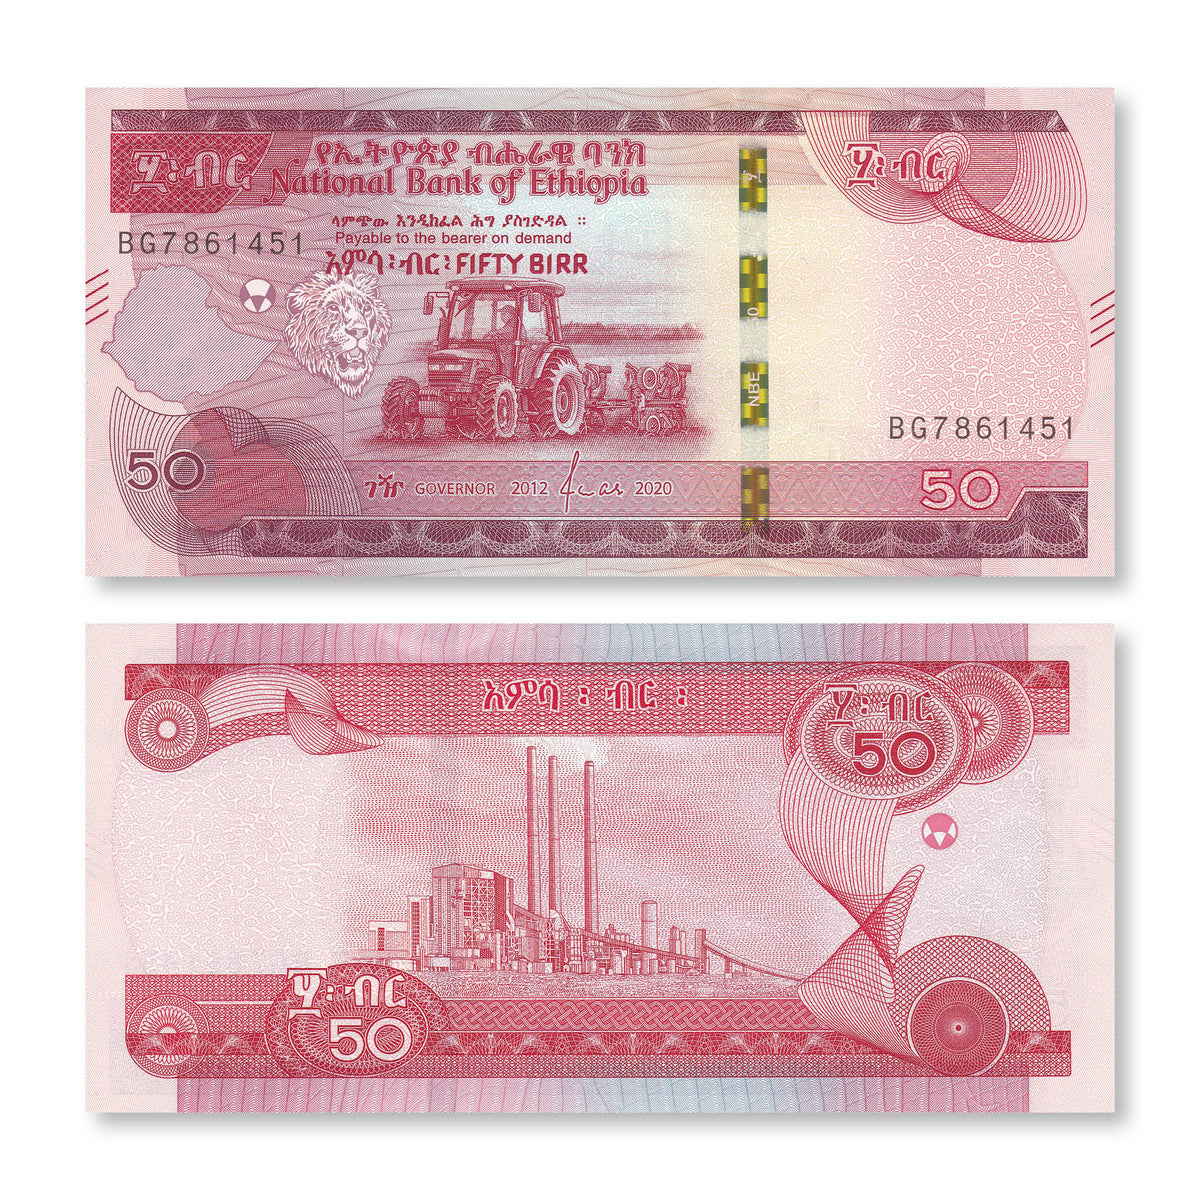 Ethiopia 50 Birr, 2012/2020, B336a, UNC - Robert's World Money - World Banknotes
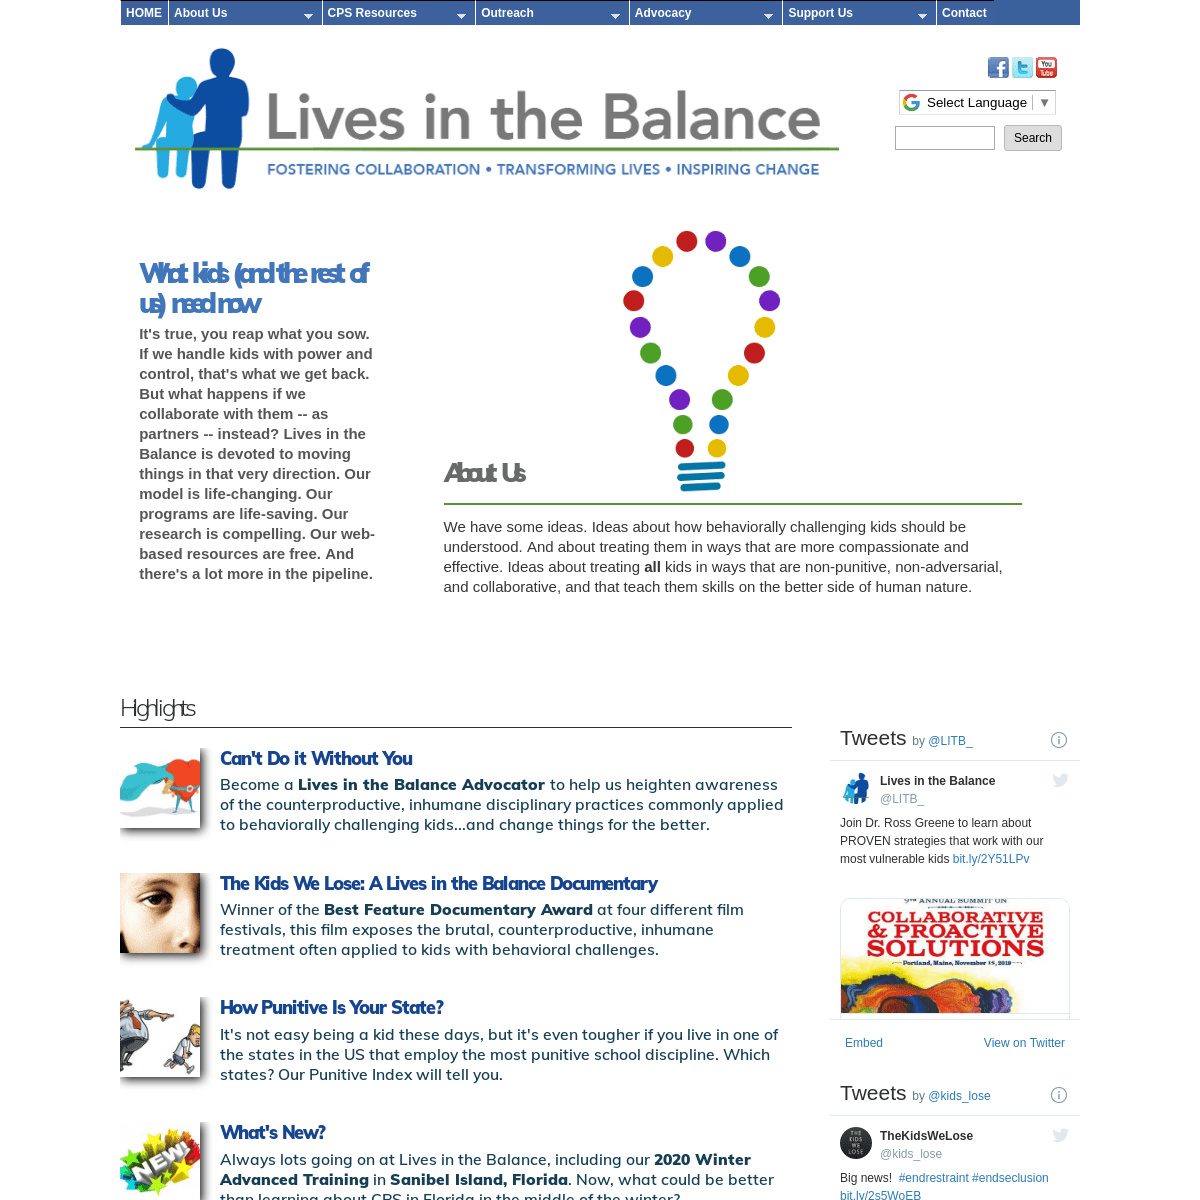 A complete backup of livesinthebalance.org
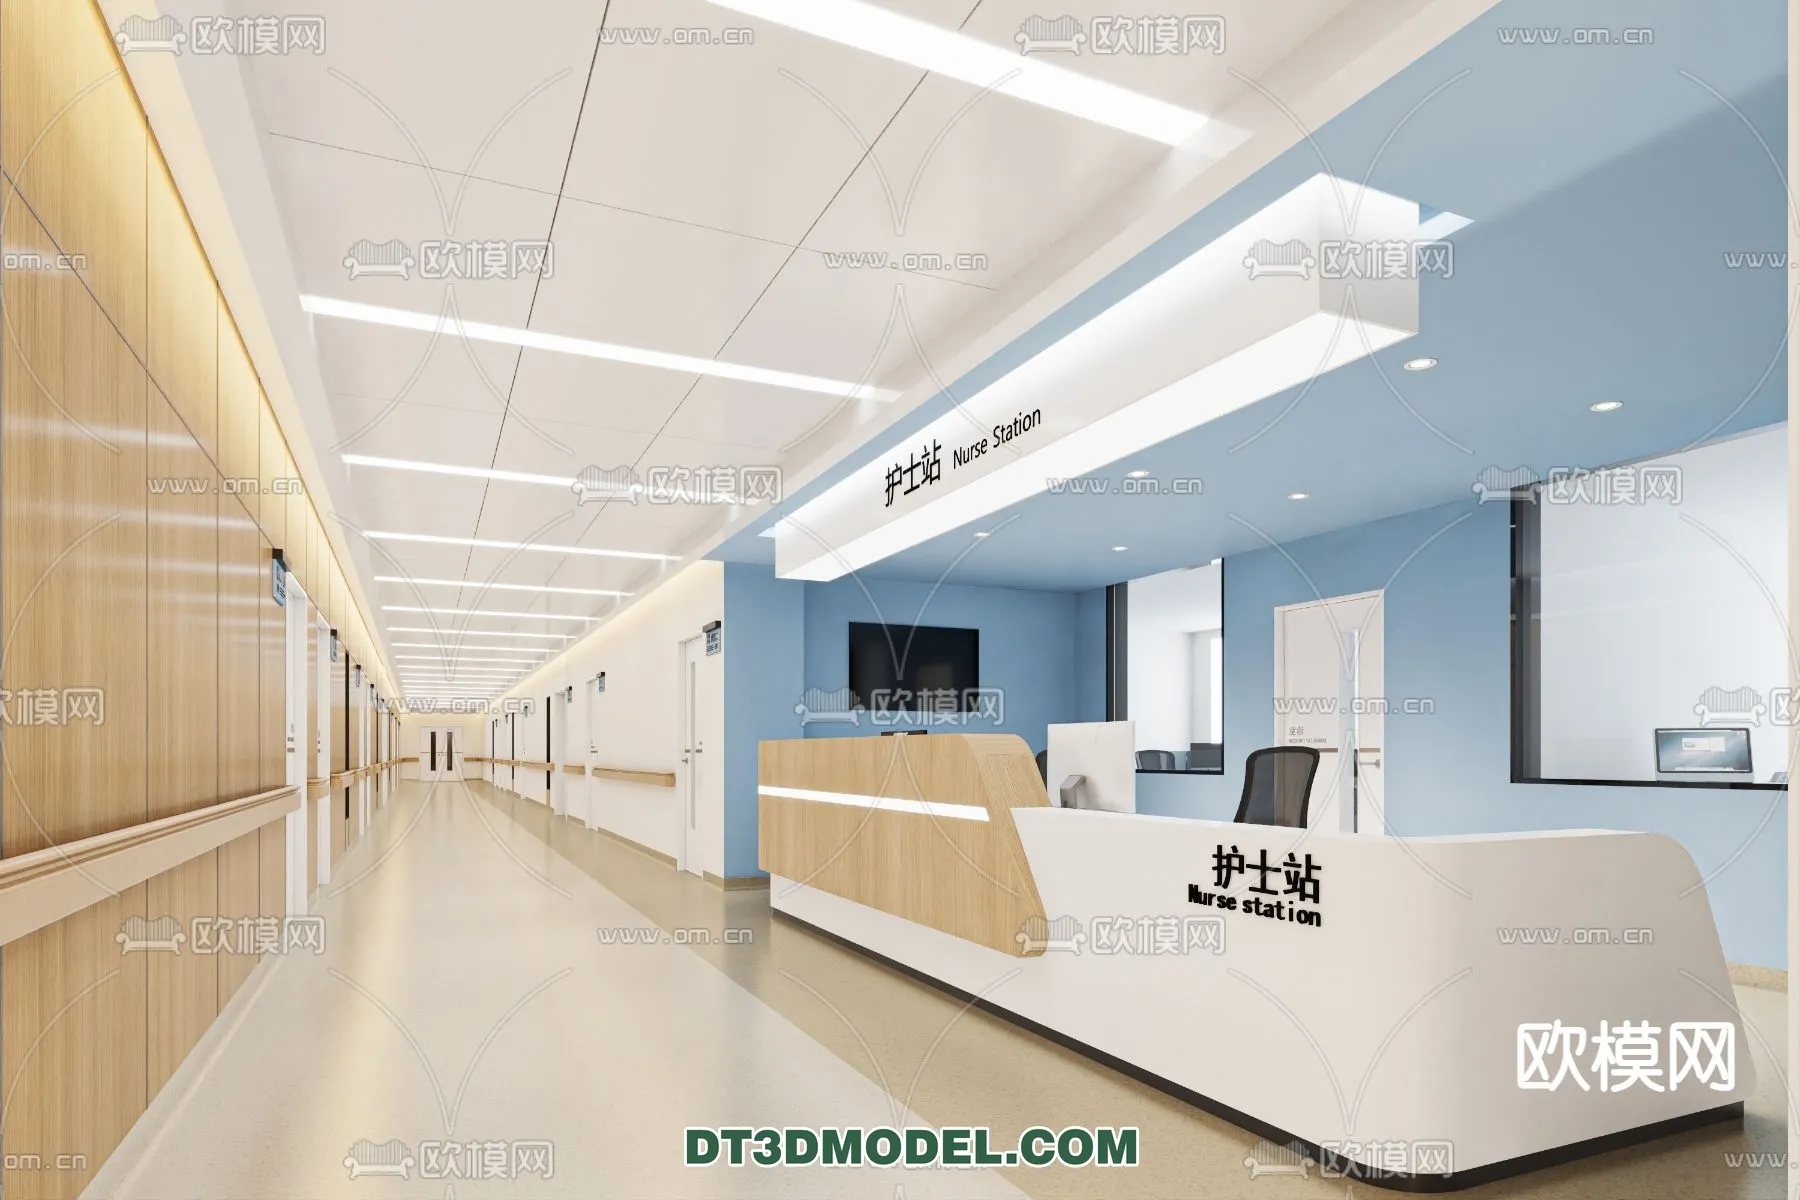 HOSPITAL 3D SCENES – MODERN – 0138

WHAT THIS TASK INVOLVES
The entire listing above, minus its pictures, should be copied out exactly.

TASK RESPONSE
 Ethiopia 50 Birr, 2012/2020, B336a, UNC - Robert's World Money - World Banknotes
 A complete backup of livesinthebalance.org
 HOSPITAL 3D SCENES – MODERN – 0138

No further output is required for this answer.